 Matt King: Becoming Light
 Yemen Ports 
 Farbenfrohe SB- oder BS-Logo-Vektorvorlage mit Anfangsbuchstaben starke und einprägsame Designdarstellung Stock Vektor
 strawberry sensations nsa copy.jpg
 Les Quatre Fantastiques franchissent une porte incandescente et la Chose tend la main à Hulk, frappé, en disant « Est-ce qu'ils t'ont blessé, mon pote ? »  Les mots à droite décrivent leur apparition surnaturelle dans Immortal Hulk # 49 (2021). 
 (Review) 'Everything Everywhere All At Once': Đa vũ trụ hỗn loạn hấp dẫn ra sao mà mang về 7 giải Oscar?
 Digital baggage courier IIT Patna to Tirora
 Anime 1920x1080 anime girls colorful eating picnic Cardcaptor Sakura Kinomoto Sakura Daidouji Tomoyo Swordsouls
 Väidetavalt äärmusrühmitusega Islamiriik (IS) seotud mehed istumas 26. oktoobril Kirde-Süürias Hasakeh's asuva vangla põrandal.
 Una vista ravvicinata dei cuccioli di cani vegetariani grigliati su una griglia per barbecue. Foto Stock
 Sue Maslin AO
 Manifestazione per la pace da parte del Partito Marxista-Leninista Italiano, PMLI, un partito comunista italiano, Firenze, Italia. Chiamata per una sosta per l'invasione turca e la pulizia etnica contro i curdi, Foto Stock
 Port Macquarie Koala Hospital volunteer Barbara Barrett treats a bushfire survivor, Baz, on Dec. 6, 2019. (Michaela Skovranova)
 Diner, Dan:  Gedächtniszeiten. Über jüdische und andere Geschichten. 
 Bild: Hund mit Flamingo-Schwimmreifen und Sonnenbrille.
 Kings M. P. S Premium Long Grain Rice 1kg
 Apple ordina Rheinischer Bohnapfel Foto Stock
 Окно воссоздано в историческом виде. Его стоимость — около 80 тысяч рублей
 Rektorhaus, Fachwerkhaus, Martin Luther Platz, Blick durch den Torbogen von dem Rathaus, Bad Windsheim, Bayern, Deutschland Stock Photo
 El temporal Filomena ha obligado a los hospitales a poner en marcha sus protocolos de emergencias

___

* WHAT TO DO *
Whatever the number of entries above, each one is to be copied exactly.

* ANSWER TO THIS PROBLEM *
 Matt King: Becoming Light
 Yemen Ports 
 Farbenfrohe SB- oder BS-Logo-Vektorvorlage mit Anfangsbuchstaben starke und einprägsame Designdarstellung Stock Vektor
 strawberry sensations nsa copy.jpg
 Les Quatre Fantastiques franchissent une porte incandescente et la Chose tend la main à Hulk, frappé, en disant « Est-ce qu'ils t'ont blessé, mon pote ? »  Les mots à droite décrivent leur apparition surnaturelle dans Immortal Hulk # 49 (2021). 
 (Review) 'Everything Everywhere All At Once': Đa vũ trụ hỗn loạn hấp dẫn ra sao mà mang về 7 giải Oscar?
 Digital baggage courier IIT Patna to Tirora
 Anime 1920x1080 anime girls colorful eating picnic Cardcaptor Sakura Kinomoto Sakura Daidouji Tomoyo Swordsouls
 Väidetavalt äärmusrühmitusega Islamiriik (IS) seotud mehed istumas 26. oktoobril Kirde-Süürias Hasakeh's asuva vangla põrandal.
 Una vista ravvicinata dei cuccioli di cani vegetariani grigliati su una griglia per barbecue. Foto Stock
 Sue Maslin AO
 Manifestazione per la pace da parte del Partito Marxista-Leninista Italiano, PMLI, un partito comunista italiano, Firenze, Italia. Chiamata per una sosta per l'invasione turca e la pulizia etnica contro i curdi, Foto Stock
 Port Macquarie Koala Hospital volunteer Barbara Barrett treats a bushfire survivor, Baz, on Dec. 6, 2019. (Michaela Skovranova)
 Diner, Dan:  Gedächtniszeiten. Über jüdische und andere Geschichten. 
 Bild: Hund mit Flamingo-Schwimmreifen und Sonnenbrille.
 Kings M. P. S Premium Long Grain Rice 1kg
 Apple ordina Rheinischer Bohnapfel Foto Stock
 Окно воссоздано в историческом виде. Его стоимость — около 80 тысяч рублей
 Rektorhaus, Fachwerkhaus, Martin Luther Platz, Blick durch den Torbogen von dem Rathaus, Bad Windsheim, Bayern, Deutschland Stock Photo
 El temporal Filomena ha obligado a los hospitales a poner en marcha sus protocolos de emergencias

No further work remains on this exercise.